Failing to Offer Full Backpay Means Employee Did Not Fail to Mitigate by Refusing to Return to Work After Dismissal :

In Northern Air Charter (PR) Inc v Dunbar, 2023 ABKB 171, Justice Woolley sitting on an appeal, had to deal with an increasing common situation.

The plaintiff was laid off and was given no notice. The plaintiff hired a lawyer to send a demand letter claiming wrongful dismissal damages. The employer then turned around and offered the Plaintiff his job back but made no offer to pay him for the time off, which was 2.5 months.

This is what the judge said :

[63]        The trial judge correctly summarized the Supreme Court’s decision in Evans. The rest of his decision on the issue of mitigation involved a question of mixed fact and law, and is subject to review for palpable and overriding error.
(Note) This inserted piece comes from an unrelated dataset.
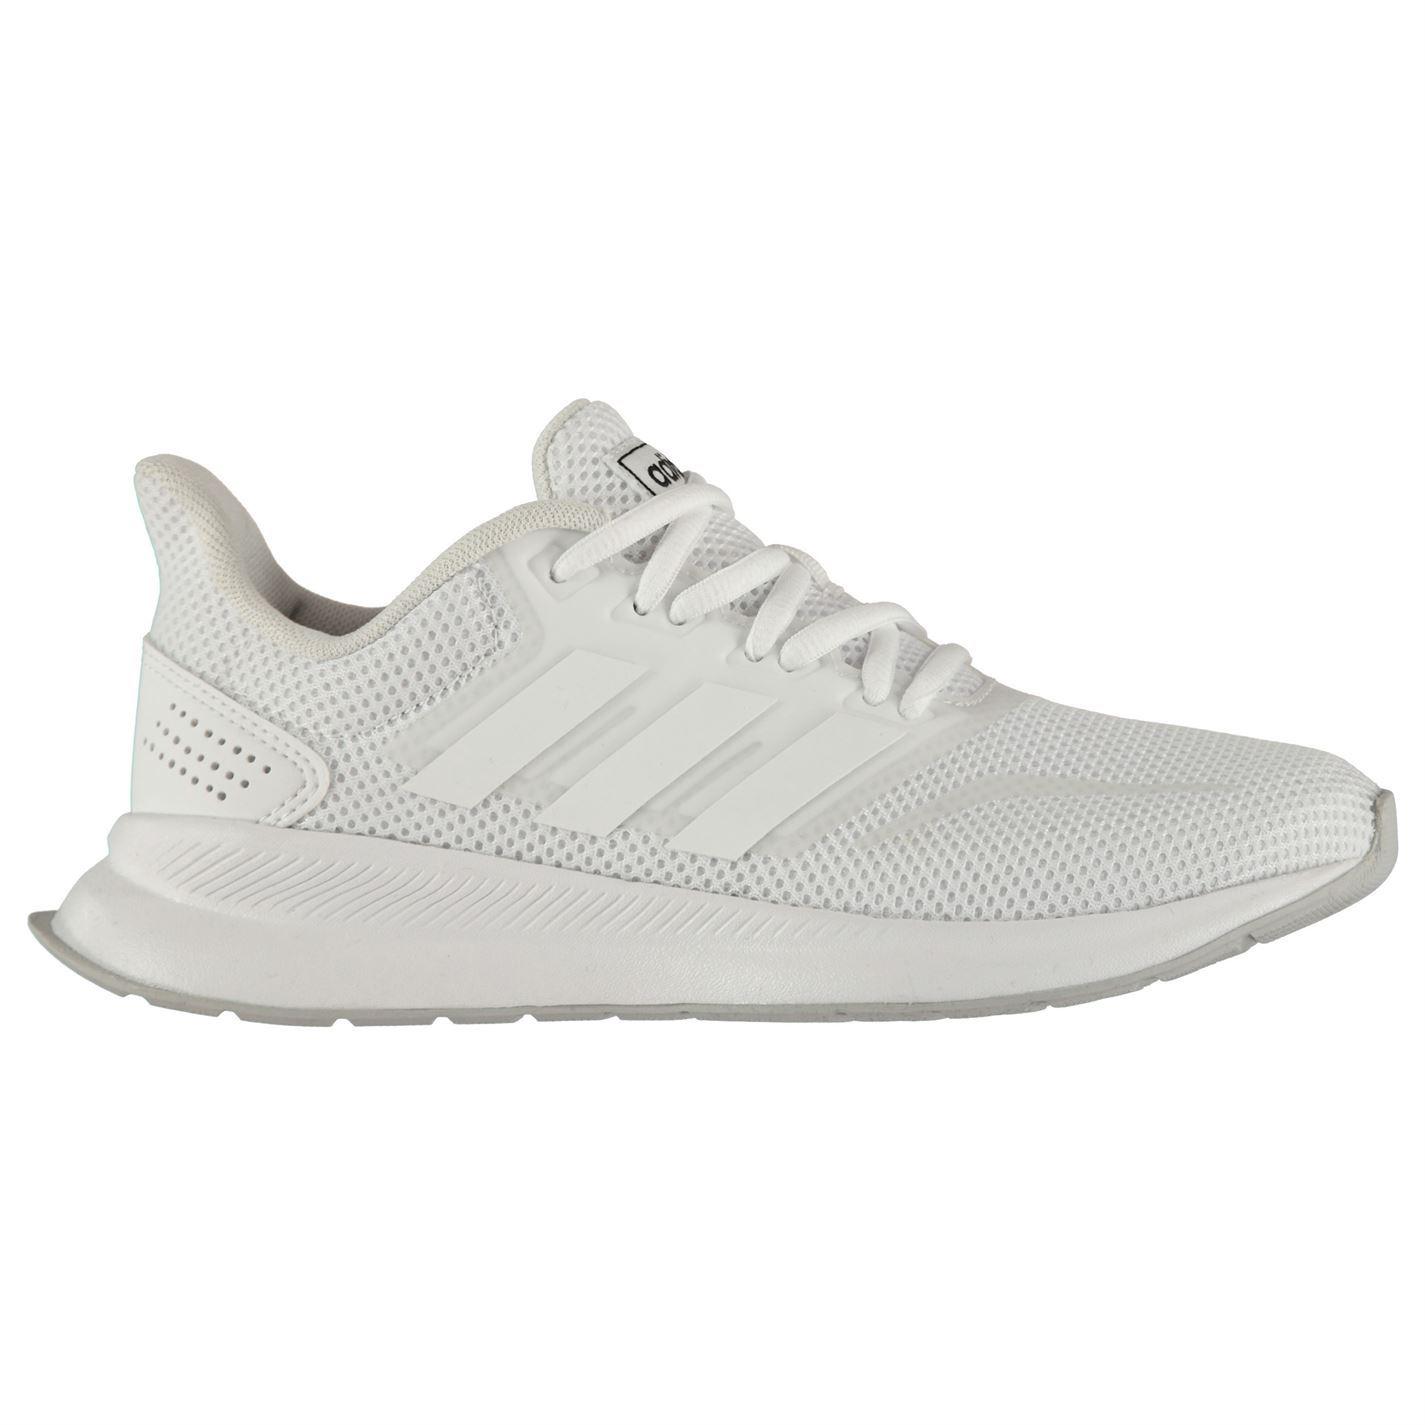 adidas-Falcon-Trainers-Junior-Boys-Shoes-Footwear thumbnail 9

[64]        The trial judge made no such error. An employee’s failure to accept an offer to return to employment, even in uncomfortable or unhappy circumstances, can constitute a failure to mitigate, as was the case in Evans. An employee is not, however, required to accept an offer of employment regardless of the circumstances: Fredrickson v Newtech Dental Laboratory Inc, 2015 BCCA 357; Oostlander v Cervus Equipment Corporation, 2022 ABQB 200.

[65]        Here, Northern Air did not provide Mr. Dunbar with notice. He had been out of work for two and a half months, half the notice period to which he was entitled, as found by the trial judge. Northern Air did not offer to make Mr. Dunbar whole. As such, had Mr. Dunbar returned to work at Northern Air he would have been in the awkward position of either giving up his legal claim for notice, or being engaged in legal proceedings with his employer. The trial judge did not make a palpable or overriding error in finding that a reasonable person would not accept an offer of employment in those circumstances.

My Comments:

This case reminds us that in order for an Evans v Teamsters type tactic to succeed the employer should offer full backpay to the employee or the refusing Plaintiff will probably have the right to refuse the offer.

Another common mistake of employers is to make the recall an offer intended to end the proposed litigation. If this is done then the Plaintiff can argue that as this was a settlement offer, it is inadmissible in Court as it is contrary to the settlement privilege rule.

Thus the recall letter should be “with prejudice” and the employee should be advised that they are not required to discontinue the lawsuit in order to return to work. They should further be advised that of they refuse the recall, the employer will claim that the plaintiff has failed to mitigate his damages from that date forward.